§ **Work task**: Taking the listing below, restate word for word each line from the line with "Grand Traverse Bay" to the line with "Pure Michigan Campaign", ends included, and stop there.

++++ Raw data

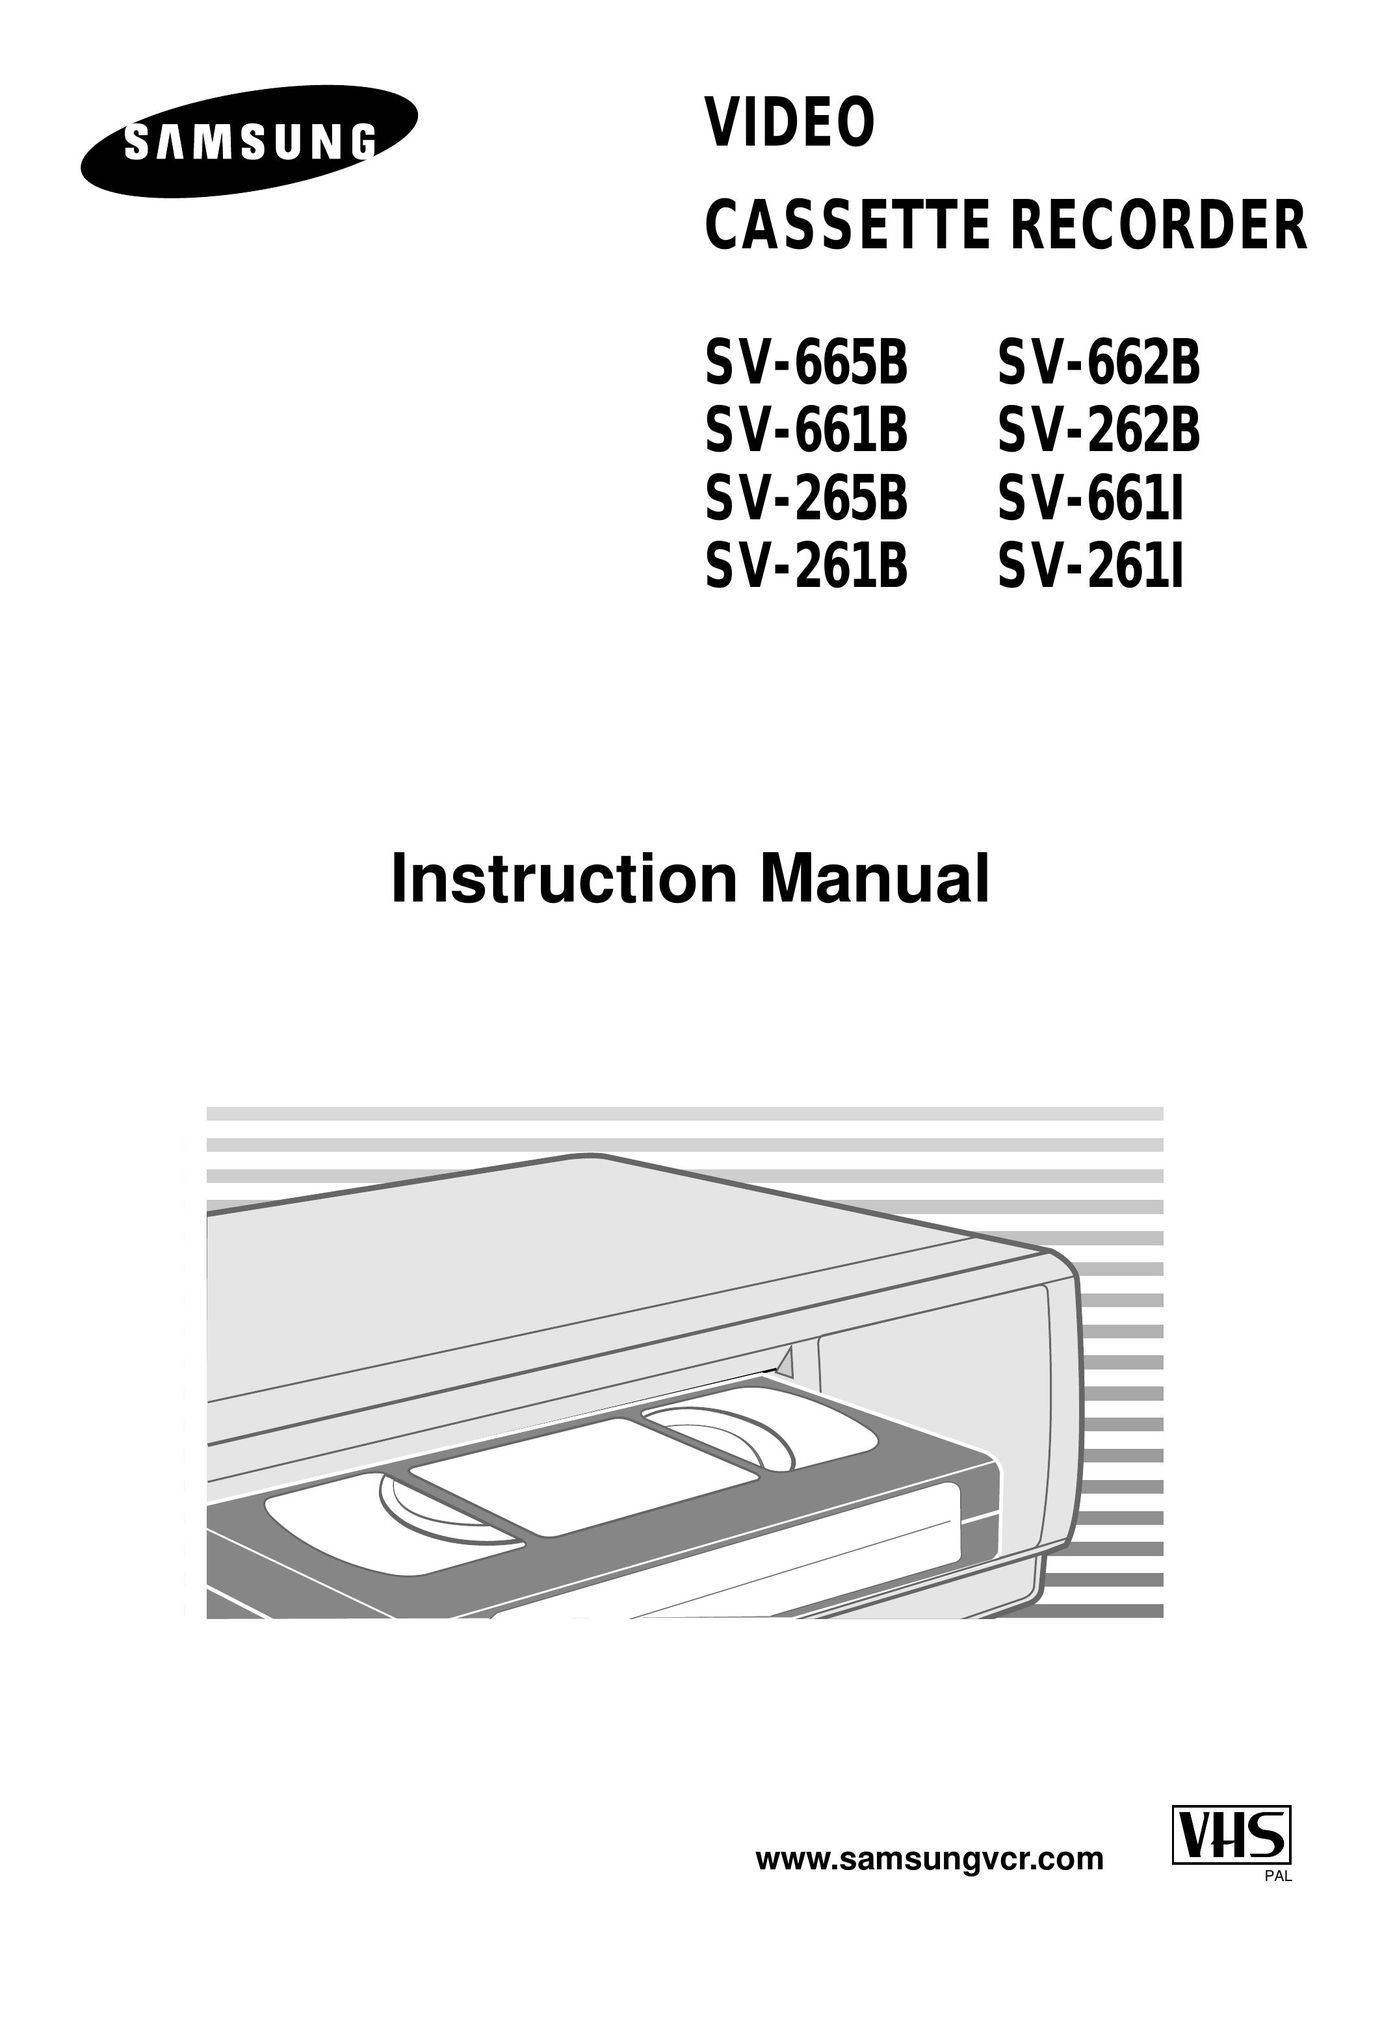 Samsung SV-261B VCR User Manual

++++++++
++++ Raw data

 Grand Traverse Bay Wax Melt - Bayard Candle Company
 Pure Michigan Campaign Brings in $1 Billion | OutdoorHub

++++++++

§ **Result of this task**:
 Grand Traverse Bay Wax Melt - Bayard Candle Company
 Pure Michigan Campaign Brings in $1 Billion | OutdoorHub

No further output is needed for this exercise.